Another complication I faced, was optimizing the collection session. As mentioned above, the library effected how fast I could scrape Yahoo Finance pages. Even with the requests library, I still felt I could improve the speed. After doing some optimization tests, I realized I should multithread and multiprocess the collection session. I learned a lot about optimization, mulithreading and multiprocessing thanks to developing Researcher.

With such optimized scraping code, Yahoo Finance did not like how fast I was going. Like mentioned earlier, I did do some speed tests early on, and Yahoo Finance did not block me. However, after scraping a couple days worth of data, they started blocking me if I went to fast. So I created a reactive request limiter to meet their speed demands. Initially it took 20 minutes to scrape all the pages, but after Yahoo Finance wanted me to slow down, it scrapes everything in 2 hours now. So I learned that I should respect sites by limiting the requests made per minute.

Things that could be improved

I would probably try to fill the page where the user can start the collection, as it feels way too empty. Furthermore, I think more advanced statistic should be added to the top portion of the analysis window, like correlation. If the program was funded, I would probably only use a paid API for stock information.

FAQ

Why didn't you exclusively just use a free API?

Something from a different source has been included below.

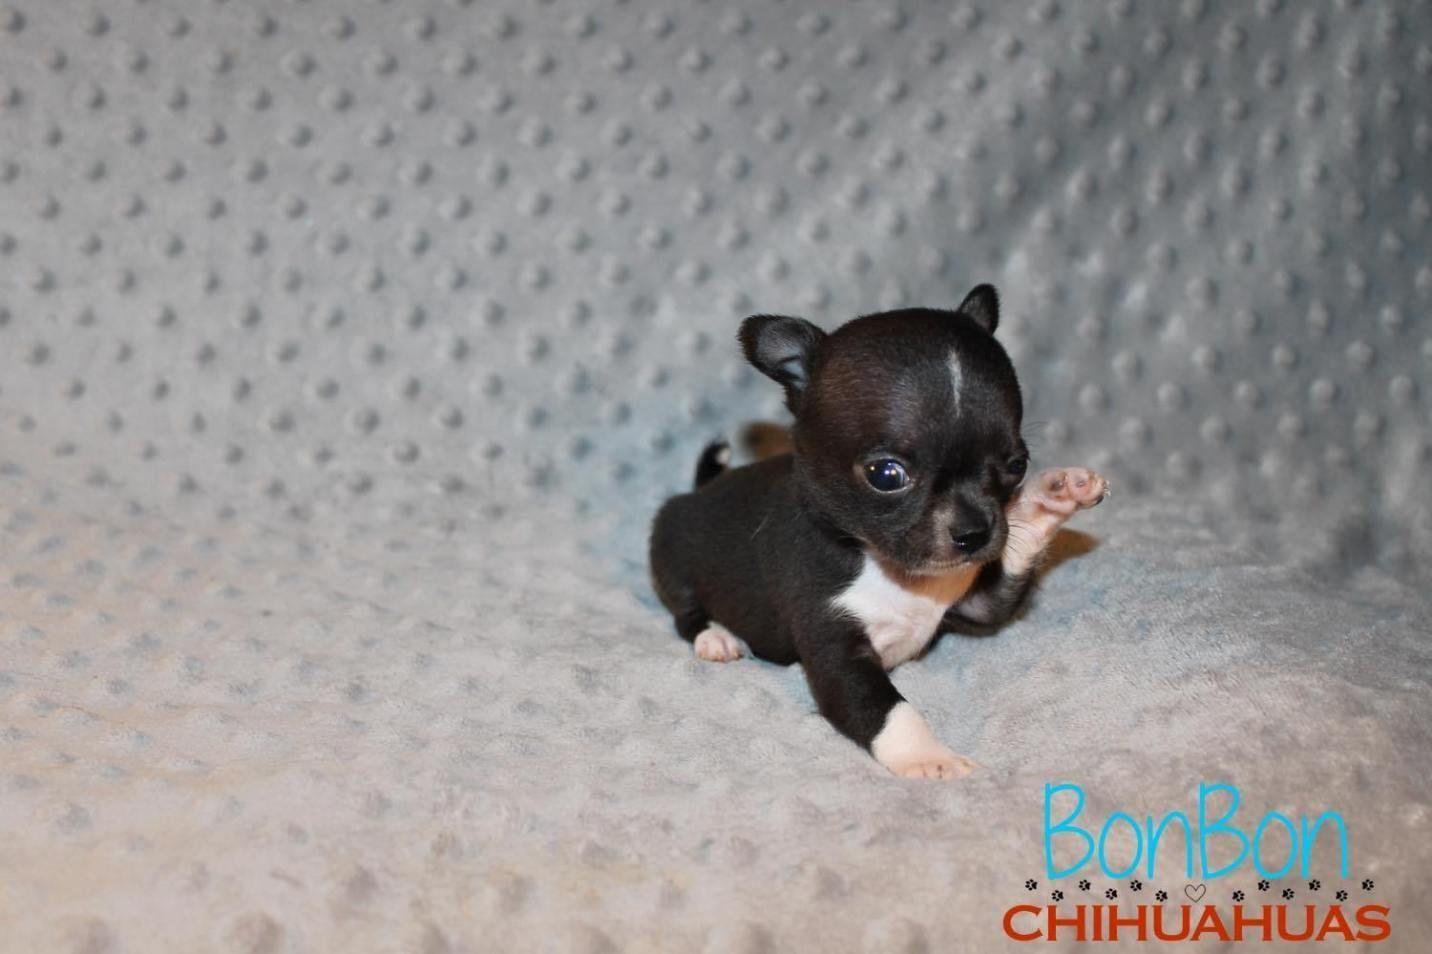 Chihuahua Puppies For Sale Bonbon Chihuahua Chihuahua Puppies

The limited free APIs I found, seemed incomplete and inaccurate. I trust Yahoo Finance data, and it has data such as insider trading, that free APIs do not have. I like Yahoo Finance so much, that I am willing to wait 2 hours for the scraping to complete. However, the IEX API I use to get price history of each stock seems to be improving monthly. If IEX improves enough, I might switch to it.

Does the program also work for OSX and Windows?

Theoretically it should work for both of these operating systems, but I have not done the testing. The main problem might come from PtQt5 because visuals are OS dependent. Moreover, the multiple threads and processes used by the collection session might also be a problem, as each OS might handle them differently.

What is the scraping speed of this program?

It was initially 20 minutes for a couple of days. However, Yahoo Finance did not like how fast It was going, and started blocking Researcher based off how fast it scraped the site. So now it takes 2 hours thanks to the reactive request limiter I made.

If Researcher was funded what would you change?

I would only use a paid API for stock information. That would be the only feature that would need funding.

What does Yahoo Finance think of this program?

I have never contacted them directly, but they don't seem to mind me scraping stock information from the site. They just don't want me to scrape the site too fast. If I released this publicly, it might be a different story though.